__THE DATA__:
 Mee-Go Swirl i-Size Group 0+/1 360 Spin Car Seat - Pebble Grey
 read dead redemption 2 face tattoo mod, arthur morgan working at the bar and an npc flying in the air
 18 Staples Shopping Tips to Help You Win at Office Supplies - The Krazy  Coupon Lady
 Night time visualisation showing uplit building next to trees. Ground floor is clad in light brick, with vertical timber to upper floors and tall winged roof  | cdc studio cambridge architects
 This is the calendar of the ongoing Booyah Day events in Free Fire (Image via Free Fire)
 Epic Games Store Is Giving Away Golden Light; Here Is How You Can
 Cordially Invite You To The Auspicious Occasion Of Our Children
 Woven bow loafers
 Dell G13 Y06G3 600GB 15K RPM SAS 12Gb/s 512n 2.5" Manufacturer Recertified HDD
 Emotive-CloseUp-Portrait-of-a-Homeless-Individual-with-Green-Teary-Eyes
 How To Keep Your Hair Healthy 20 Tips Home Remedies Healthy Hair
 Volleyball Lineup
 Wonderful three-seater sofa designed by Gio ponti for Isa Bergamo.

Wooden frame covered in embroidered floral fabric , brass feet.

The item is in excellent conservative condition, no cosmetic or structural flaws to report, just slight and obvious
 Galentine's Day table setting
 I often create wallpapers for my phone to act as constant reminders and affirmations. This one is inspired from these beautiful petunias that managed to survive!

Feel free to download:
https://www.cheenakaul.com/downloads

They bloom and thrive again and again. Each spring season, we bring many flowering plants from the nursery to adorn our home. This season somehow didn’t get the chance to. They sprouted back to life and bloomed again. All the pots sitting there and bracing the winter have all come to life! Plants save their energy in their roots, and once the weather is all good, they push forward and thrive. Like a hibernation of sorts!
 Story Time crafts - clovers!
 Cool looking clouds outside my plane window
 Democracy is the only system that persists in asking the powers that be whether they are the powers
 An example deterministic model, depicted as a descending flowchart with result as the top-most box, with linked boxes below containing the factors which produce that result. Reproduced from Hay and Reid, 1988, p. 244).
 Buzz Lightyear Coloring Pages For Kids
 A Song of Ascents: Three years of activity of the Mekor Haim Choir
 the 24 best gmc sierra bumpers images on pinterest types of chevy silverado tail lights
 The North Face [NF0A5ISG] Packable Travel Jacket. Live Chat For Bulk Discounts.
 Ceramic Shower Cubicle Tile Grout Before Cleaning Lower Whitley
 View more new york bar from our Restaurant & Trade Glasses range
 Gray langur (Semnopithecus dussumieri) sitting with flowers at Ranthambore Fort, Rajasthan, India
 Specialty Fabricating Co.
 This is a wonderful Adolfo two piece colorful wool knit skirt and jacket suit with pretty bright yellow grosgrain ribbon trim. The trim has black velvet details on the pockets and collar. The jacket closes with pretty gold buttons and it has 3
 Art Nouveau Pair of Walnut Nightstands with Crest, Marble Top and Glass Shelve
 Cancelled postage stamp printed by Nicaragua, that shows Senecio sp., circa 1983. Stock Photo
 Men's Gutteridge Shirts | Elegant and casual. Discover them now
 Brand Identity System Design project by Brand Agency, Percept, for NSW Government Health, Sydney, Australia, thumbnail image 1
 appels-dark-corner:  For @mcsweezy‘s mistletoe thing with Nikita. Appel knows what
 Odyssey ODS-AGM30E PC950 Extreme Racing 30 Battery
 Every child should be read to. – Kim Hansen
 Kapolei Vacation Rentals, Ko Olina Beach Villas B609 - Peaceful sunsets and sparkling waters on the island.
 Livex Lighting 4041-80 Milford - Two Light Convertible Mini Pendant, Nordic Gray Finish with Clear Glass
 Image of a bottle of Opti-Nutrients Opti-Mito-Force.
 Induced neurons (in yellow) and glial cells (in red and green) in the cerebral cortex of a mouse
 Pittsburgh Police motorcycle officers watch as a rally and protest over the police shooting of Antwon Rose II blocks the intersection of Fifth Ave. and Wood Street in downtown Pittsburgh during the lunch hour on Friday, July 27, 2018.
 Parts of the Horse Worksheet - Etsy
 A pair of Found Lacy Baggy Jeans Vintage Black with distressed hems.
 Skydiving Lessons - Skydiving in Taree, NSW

__WHAT THE TASK REQUIRES__:
Everything from the line that contains "Appel knows what" to the last line of the entries above should be repeated word for word, both lines included, with no other output.

__YOUR RESPONSE__:
 appels-dark-corner:  For @mcsweezy‘s mistletoe thing with Nikita. Appel knows what
 Odyssey ODS-AGM30E PC950 Extreme Racing 30 Battery
 Every child should be read to. – Kim Hansen
 Kapolei Vacation Rentals, Ko Olina Beach Villas B609 - Peaceful sunsets and sparkling waters on the island.
 Livex Lighting 4041-80 Milford - Two Light Convertible Mini Pendant, Nordic Gray Finish with Clear Glass
 Image of a bottle of Opti-Nutrients Opti-Mito-Force.
 Induced neurons (in yellow) and glial cells (in red and green) in the cerebral cortex of a mouse
 Pittsburgh Police motorcycle officers watch as a rally and protest over the police shooting of Antwon Rose II blocks the intersection of Fifth Ave. and Wood Street in downtown Pittsburgh during the lunch hour on Friday, July 27, 2018.
 Parts of the Horse Worksheet - Etsy
 A pair of Found Lacy Baggy Jeans Vintage Black with distressed hems.
 Skydiving Lessons - Skydiving in Taree, NSW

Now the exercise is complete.